Stabilize and Select Region of Interest Using BigStitcher

Stabilize and Select Region of Interest Using BigStitcher

by Eric Wait
Jul 30, 2020
data-and-analysis

Who this is for #

There are times when your sample moves quickly through the Field of View (FOV) but your interest lies within the sample. For example, if you are interested in tracking vesicals within a cell, yet that cell is migrating across the FOV. It will be difficult to understand the vesical motion fully without the cellular motion removed. Ideally, you would want the cell to remain fixed in the FOV. One technique is to register each frame to the next, making the objects appear stationary within the FOV. Big Stitcher plugin for ImageJ was originally designed to register or stitch together large static images. It has since been extended to stabilize time-lapse images by registering between frames.

This tutorial will walk you through a typical Lattice Lightsheet movie in which we would like to remove the sample movement. This same technique is broadly applicable to any sets of images that can be read into ImageJ. The scenario presented here is as follows:

  1. Remove sample motion from time-lapse,
  2. Select a Region of Interest (ROI),
  3. Export stabilized ROI to be imported into another software solution such as Imaris.

Inital Setup #

First we must install ImageJ and the BigStitcher plugin. To do so, you:

  1. Install ImageJ
  2. Open ImageJ and use the menu to go to Help -> Update
  3. Click on the Manage update sites button
  4. Within the list select BigStitcher

    Select BigStitcher from the Update Sites

  5. Click Close and then Close again.
  6. Restart ImageJ
  7. Verify that BigStitcher has been installed by looking in the Plugins menu

    Menu item to start BigStitcher


Make a Big Stitcher Data File #

Big Stitcher uses an xml file to understand how the data is stored and track any internal processing. This means you will have to generate one of these per dataset. Big Stitcher allows you to convert your data into a multi-resolution data type. See our discussion here to help you determine which file format is right for you. Even though this exercise is ultimately going to export tiff files, it is best to work with a multi-resolution HDF5 file in BigStitcher. This will allow for interactive viewing of the dataset, which is key for making the ROI selection.

When you first open the BigStitcher plugin, you will be presented with the following window. This window allows you to either open a dataset that has previously been created or create a new one now. You will want to click on Define a new dataset.

The next window will ask what is the best way to read in the images. In our case, we are reading tiff files so the Automatic Loader will be best. This is also where you should name the output file.

This next window asks where your images are located. Choose the folder and not an individual file after you click Browse. You will know if the reader has found all of your files by seeing them in the list below selected files.
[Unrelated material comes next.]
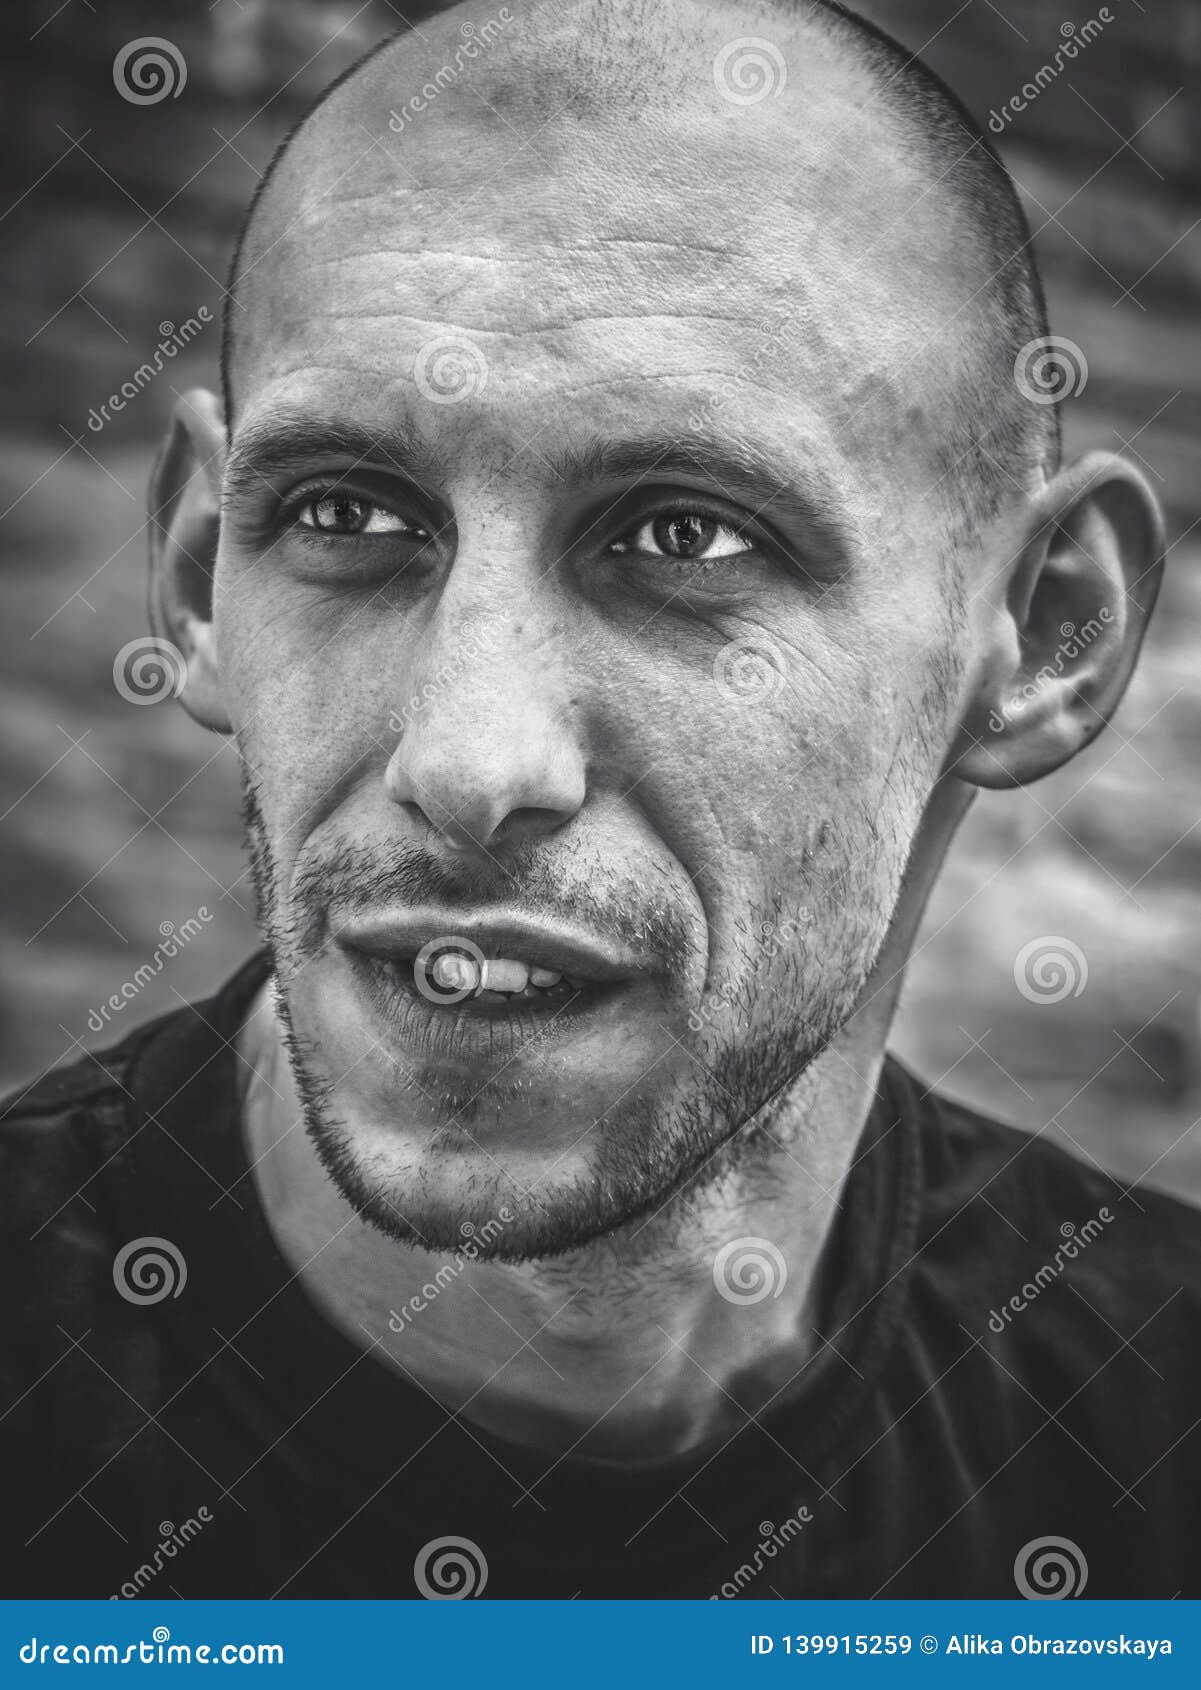 Closeup Portrait of a Bald Man with a Smile and Brutal Appearance in ...

After you click OK there may be a considerable delay before the next window appears.

If it has been a long time since the last window and the next one still has not appeared, check the Log windows for activity. If there are still images to be read, the Log window will show the path to the last image read. This should give you an indication of how much longer this step will take. The timing of many of the subsequent steps will be determined by your storage speed. If the files are on a network drive, this step may take considerable amount of time (hours).

The next window asks for help understanding how the name of each file equates to different dimensions. In our case we have a channel field that starts with _c and is zero padded, as indicated in yellow in the figure below. The time field starts with _t and is zero padded, as indicated in red below. Make the approprite selections in the dropdown boxes.

Optionally, you can define the space that is represented by each voxel. Here I have filled out values that correspond to a typical LLSM dataset.

Because we do not have any tiles, we will tell BigStitcher not to move them. Click OK to move to the next window.

The next step is to tell BigStitcher how we would like the image data to be stored relative to the internal xml file. To save space, you can leave your files as is. However, we will ultimately want to look through the data to create a bounding box for ROI extraction. Keeping the image data as tiff files will make this process slow and painful. So, I recommend that you convert your data into a multi-resolution HDF5 file. Make sure that your destination for this file is large enough to store the entire dataset.

This next window allows you to change how the HDF5 file is created. Leave the defaults. The only change needed here is to select the output directory that you want the HDF5 file stored. Remember to place this somewhere that can accommodate your entire dataset.

Converting may take a long time depending on your computational power and storage speed. On large datasets, it is not unreasonable to see this step take more than five hours. Slow network speeds or less capable computers may see this time double. Please be patient. The log window is a good indicator of how far along this process is.


Create Interest Points #

Next we are going to find interest points within the image that will be registered between frames. Before this step, you will want to know which channel contains objects that that either are static or that you would like static realative to the rest of the data. For our example, channel one has a membrane marker and we want the cells to appear as if they are not moving in the field of view.

Click on the Channel column in the Multiview Explorer window to group the channels all together.

Select the first frame of the first channel (in this case) and then scroll to the last frame. Hold down the shift key and click on the row that indicates the last frame.

Right click on one of the the blue rows and select Detect Interest Points.

A new window will open. The only change here is to name the interest points. Here I’ve called these interest points edges. Then click OK.

On this next window, just ensure that you are using the CPU version in the last dropdown. There are GPU versions, but they require additional setup beyond the scope of this tutorial. Then click OK.

On this next window, you can select the time point where you would like to make your adjustments on. I’ve selected a frame about a quarter of the way into the sequence to account for any extreme photobleaching that may have occurred. Then click OK.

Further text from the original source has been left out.